All nodes had to be rebooted
All is working for example with external networks (so dhcp on external networks).
There are no dead containers, all seems ok.

I try to create a new instance on a L3 network. No ERROR in neutron*.log.
The only error is nova-api.log:

Example:
2022-11-11 08:45:54.452 42 ERROR oslo.messaging._drivers.impl_rabbit [-] [8b6fd776-f096-4c8a-927e-88225a3adb43] AMQP server on 10.0.5.109:5672 is unreachable: <RecoverableConnectionError: unknown error>. Trying again in 1 seconds.: amqp.exceptions.RecoverableConnectionError: <RecoverableConnectionError: unknown error>

But on the first node (10.0.5.109 on the internal network) « netstat -atnp |wc-l » ———>>> 505 connections

Sounds to me like Rabbit is broken. This could also be an issue with NTP which I asked about earlier. Did you confirm your systems are all correctly synced to the same time source?

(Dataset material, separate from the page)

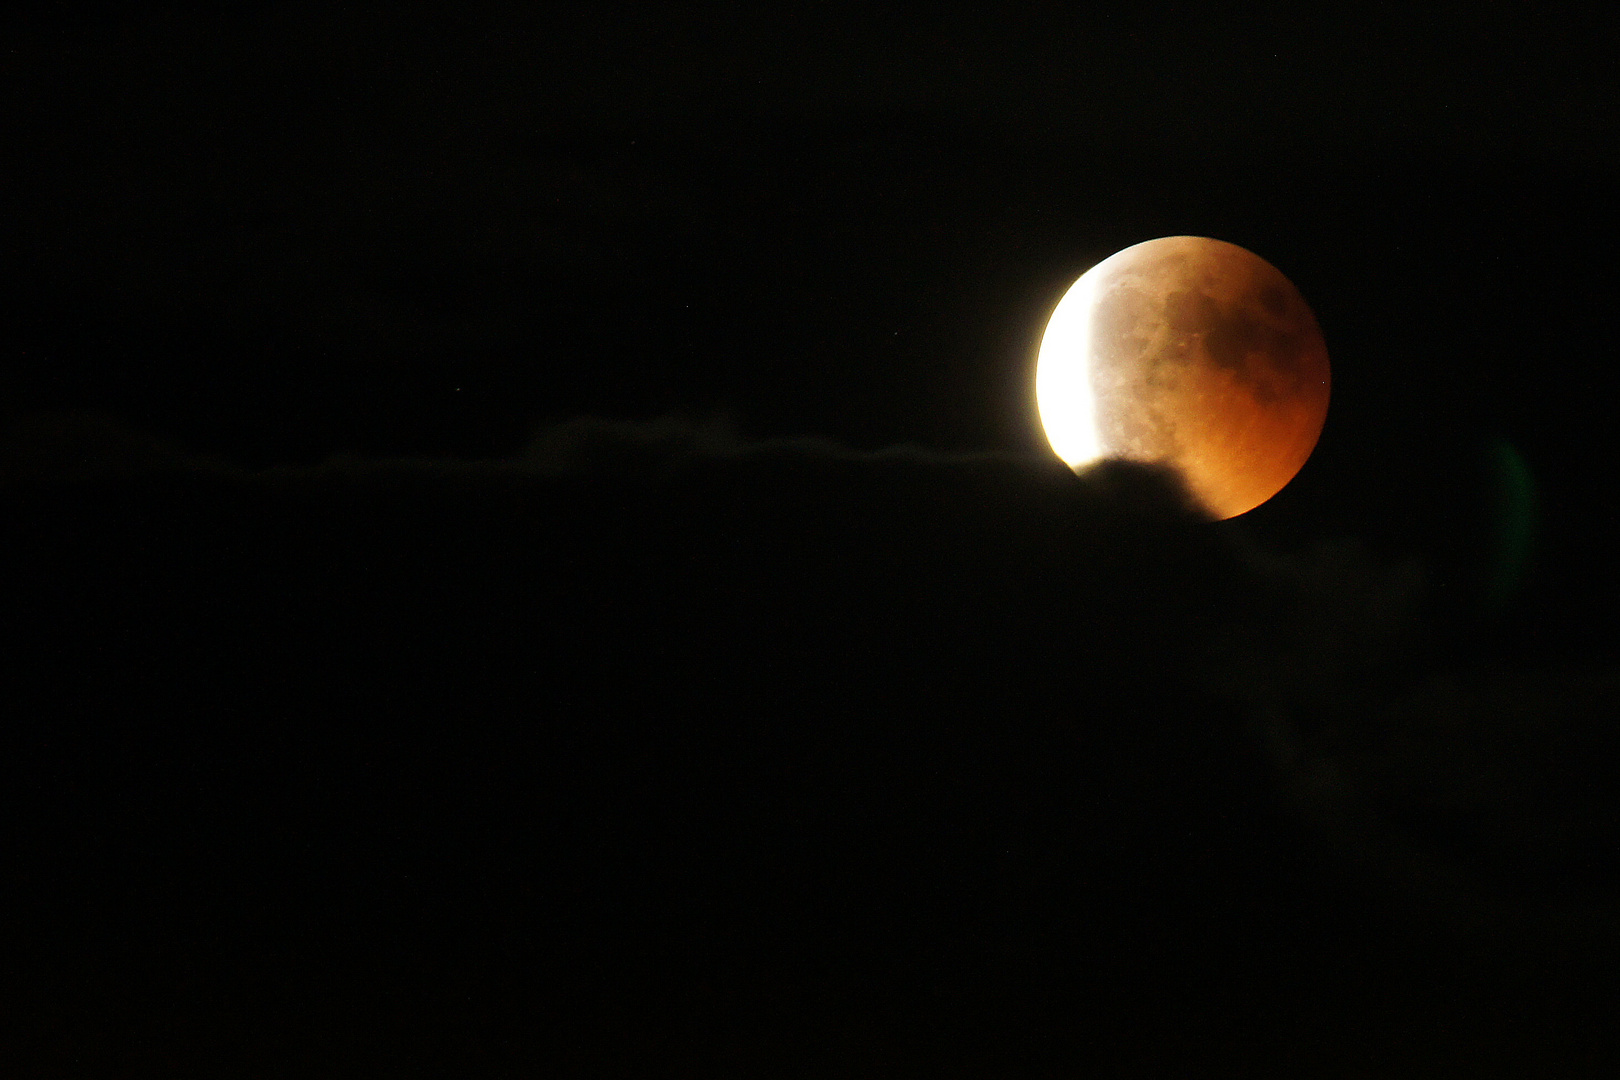 Ende der Mondfinsternis am 15.06.2011

You can check the status of rabbit on each control node with:

docker exec -it rabbitmq rabbitmqctl cluster_status

Output should show the same on both of your controllers. If not, restart your rabbit containers. If they won't come back properly, you could destroy and redeploy just those two containers l

On both controllers do:

docker rm rabbitmq

docker volume rm rabbitmq

Then kolla-ansible --tags rabbitmq deploy

So…. if I backup /etc/kolla, my glance images, my configuration files…
if a do « koll-ansible destroy », is next step « kolla-ansible bootstraps…. » and preaches, and deploy,
or directly deploy ?

What’s the difference with cleanup-containers ?

You don't need to bootstrap again. That just installs prerequisites which won't get removed from the destroy. Just go right to doing kolla-ansible deploy again. Do remember this will give you a brand new Openstack with nothing preserved from before.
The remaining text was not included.